* Dataset content:
────────────────────────────────────────

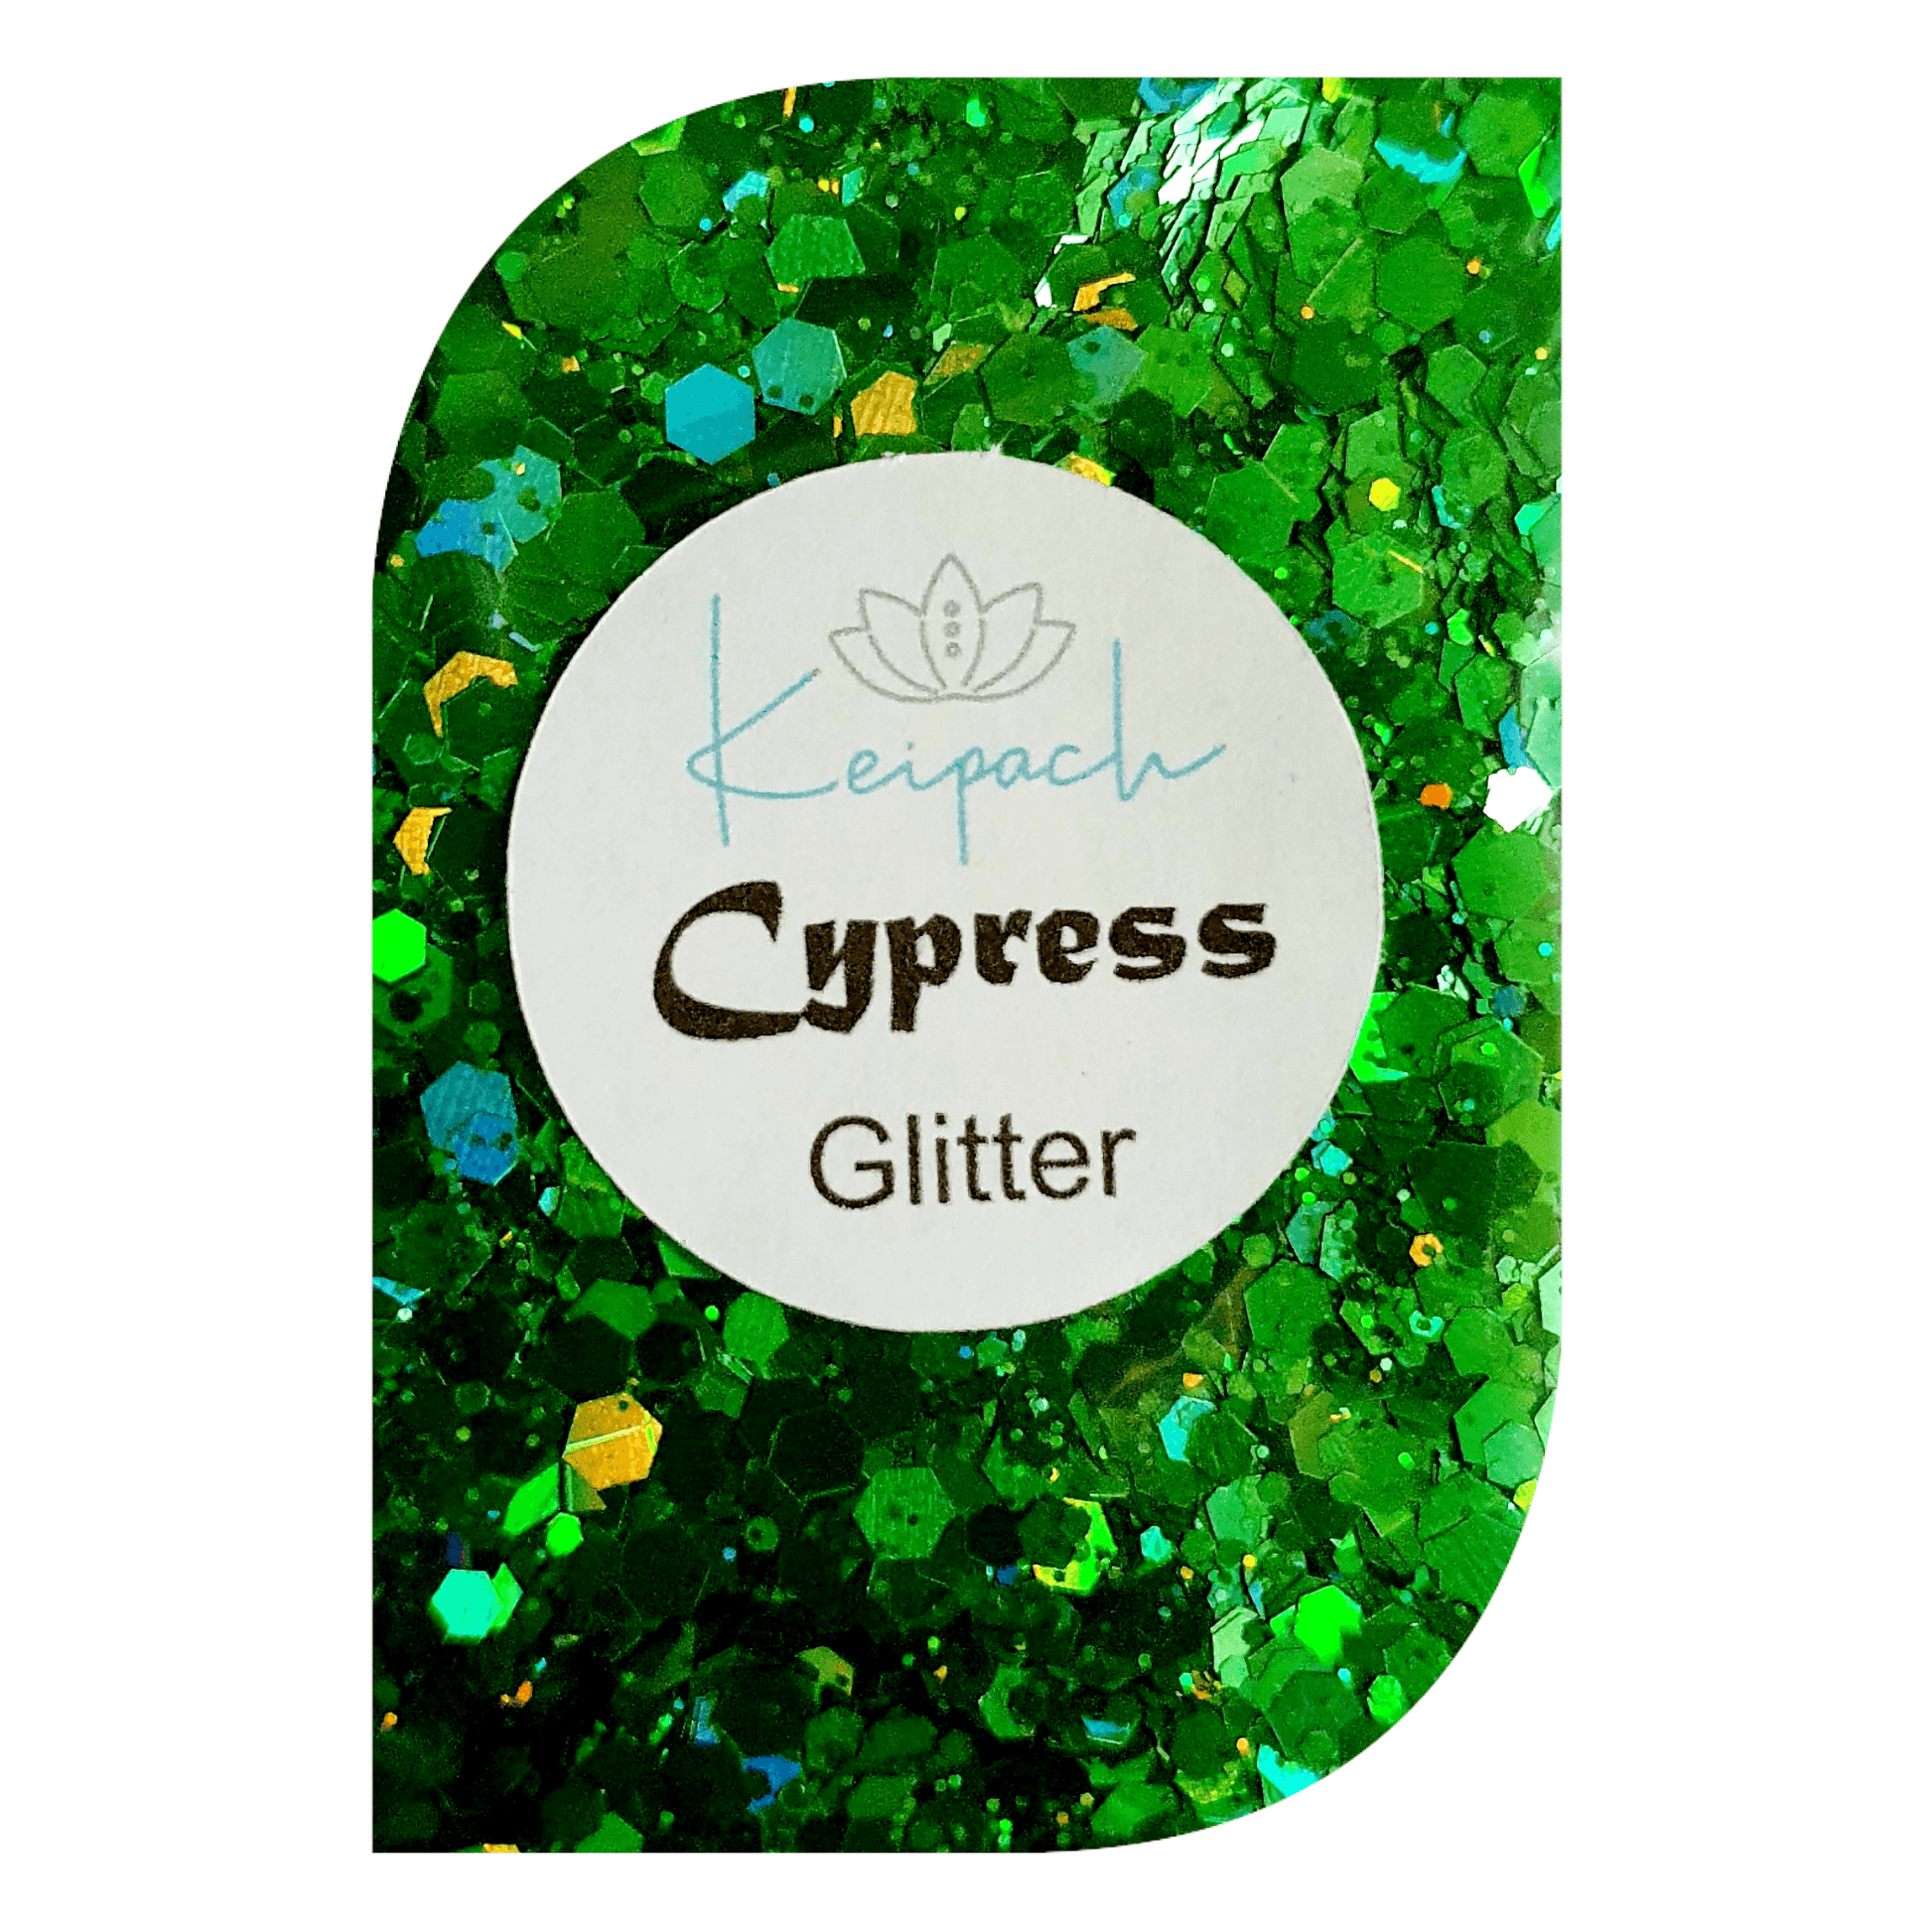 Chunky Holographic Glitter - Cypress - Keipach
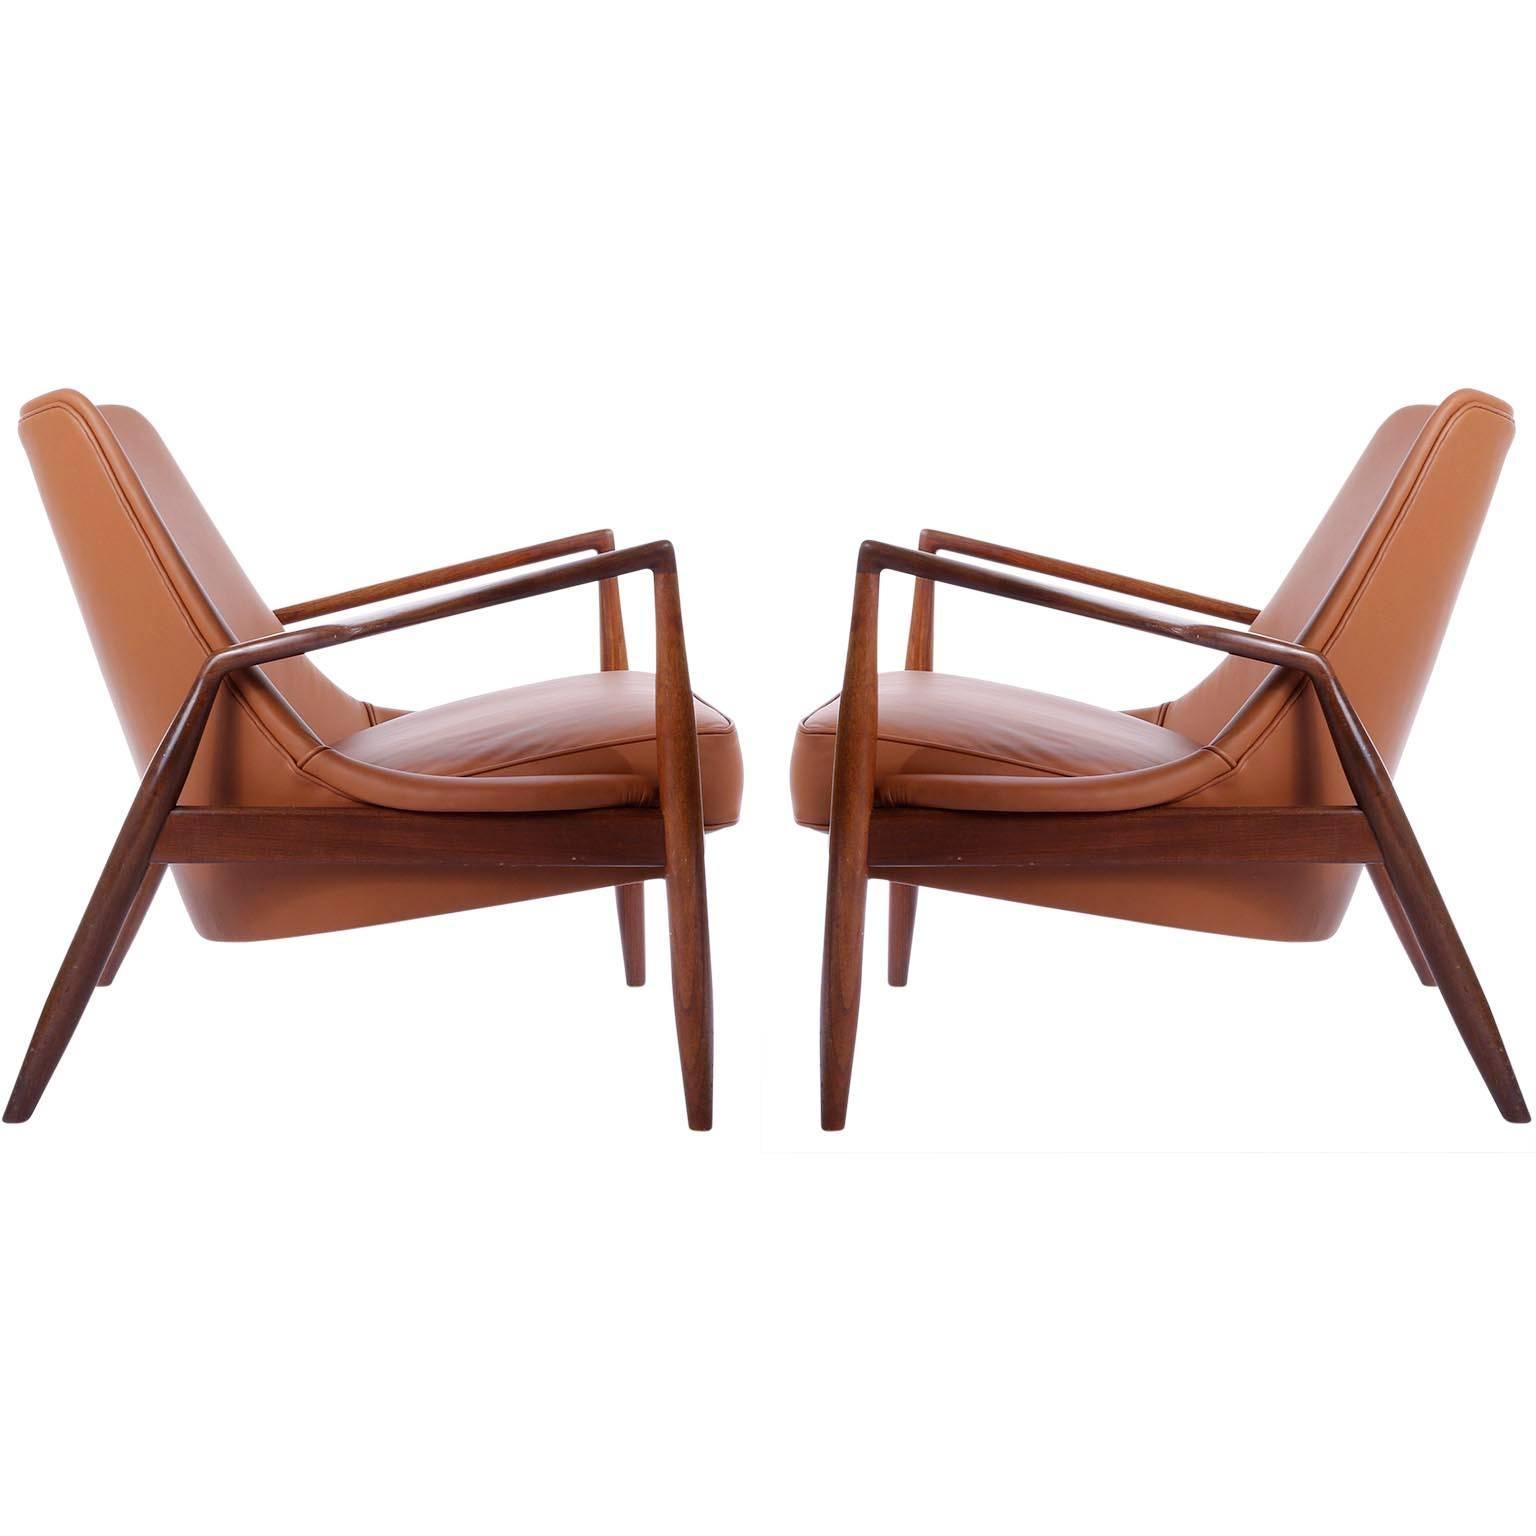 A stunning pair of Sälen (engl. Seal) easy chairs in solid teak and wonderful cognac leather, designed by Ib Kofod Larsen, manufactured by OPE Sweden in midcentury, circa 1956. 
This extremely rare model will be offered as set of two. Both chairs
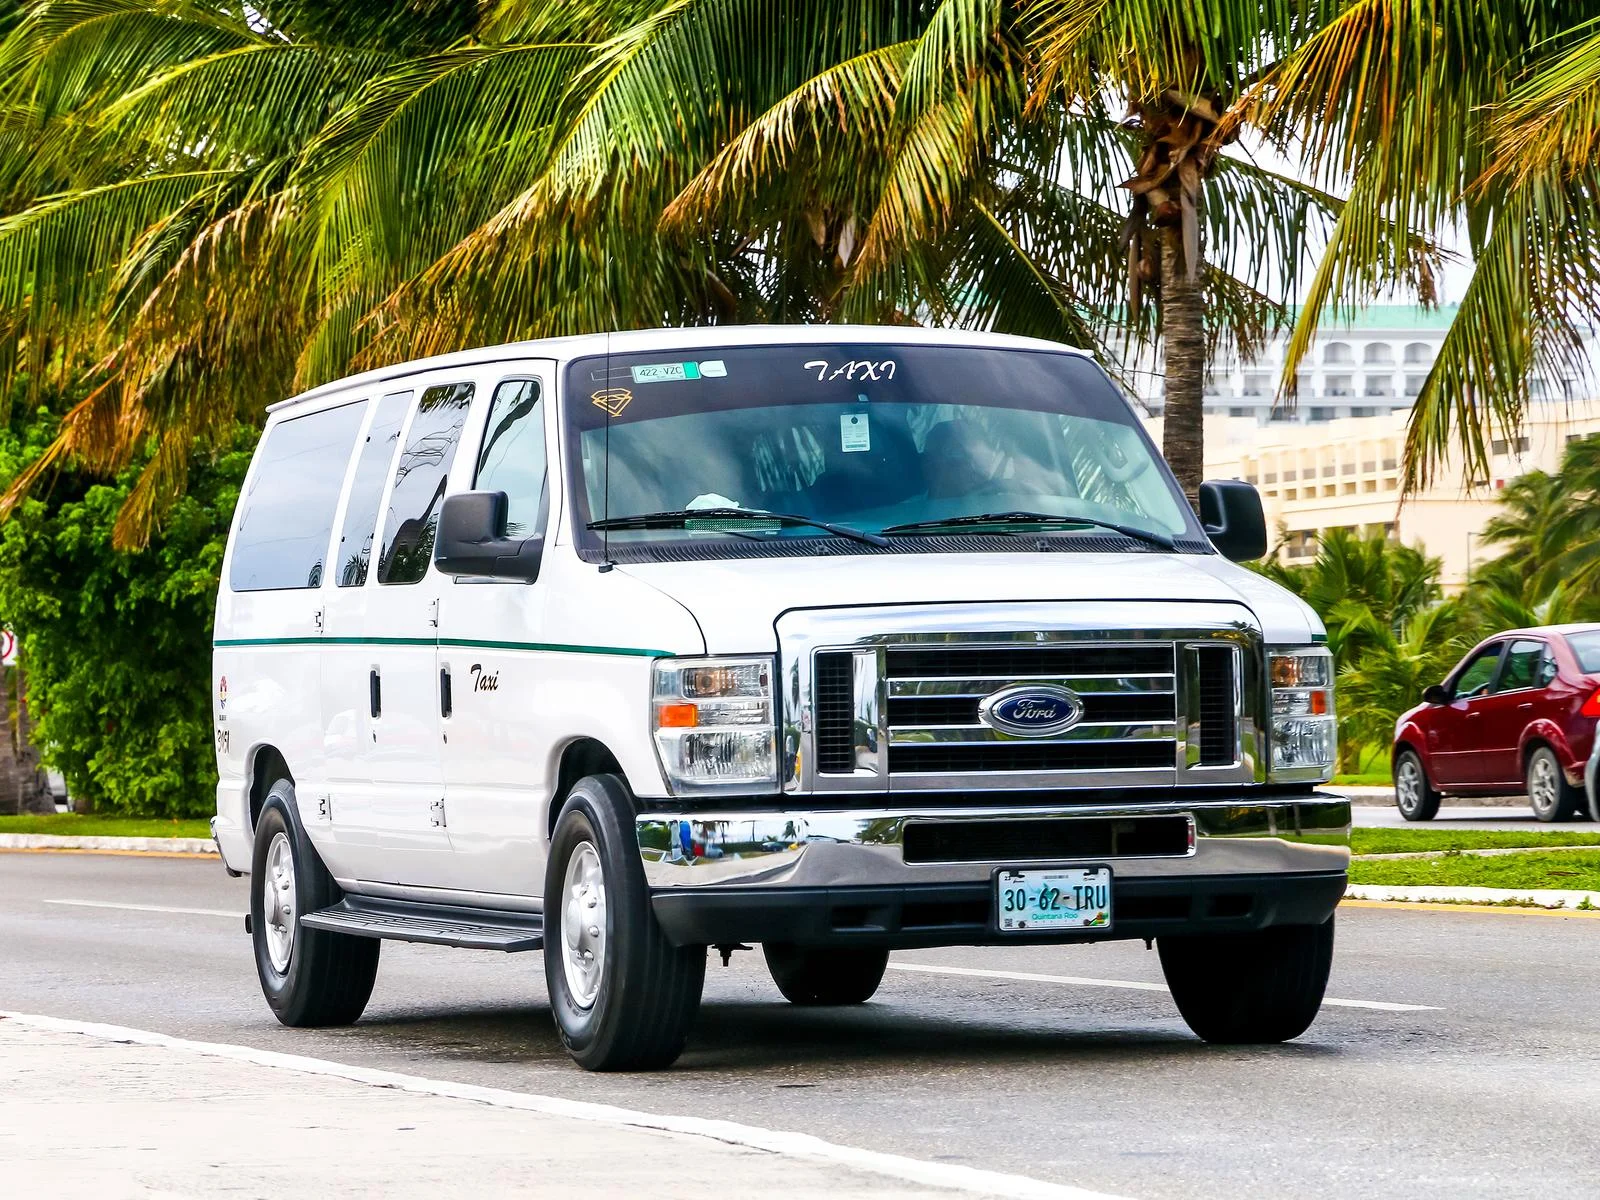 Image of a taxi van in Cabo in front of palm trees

────────────────────────────────────────

* What to work on:
Write the listing above out again word for word, excluding all images.

* Your response:
 Chunky Holographic Glitter - Cypress - Keipach
 A stunning pair of Sälen (engl. Seal) easy chairs in solid teak and wonderful cognac leather, designed by Ib Kofod Larsen, manufactured by OPE Sweden in midcentury, circa 1956. 
This extremely rare model will be offered as set of two. Both chairs
 Image of a taxi van in Cabo in front of palm trees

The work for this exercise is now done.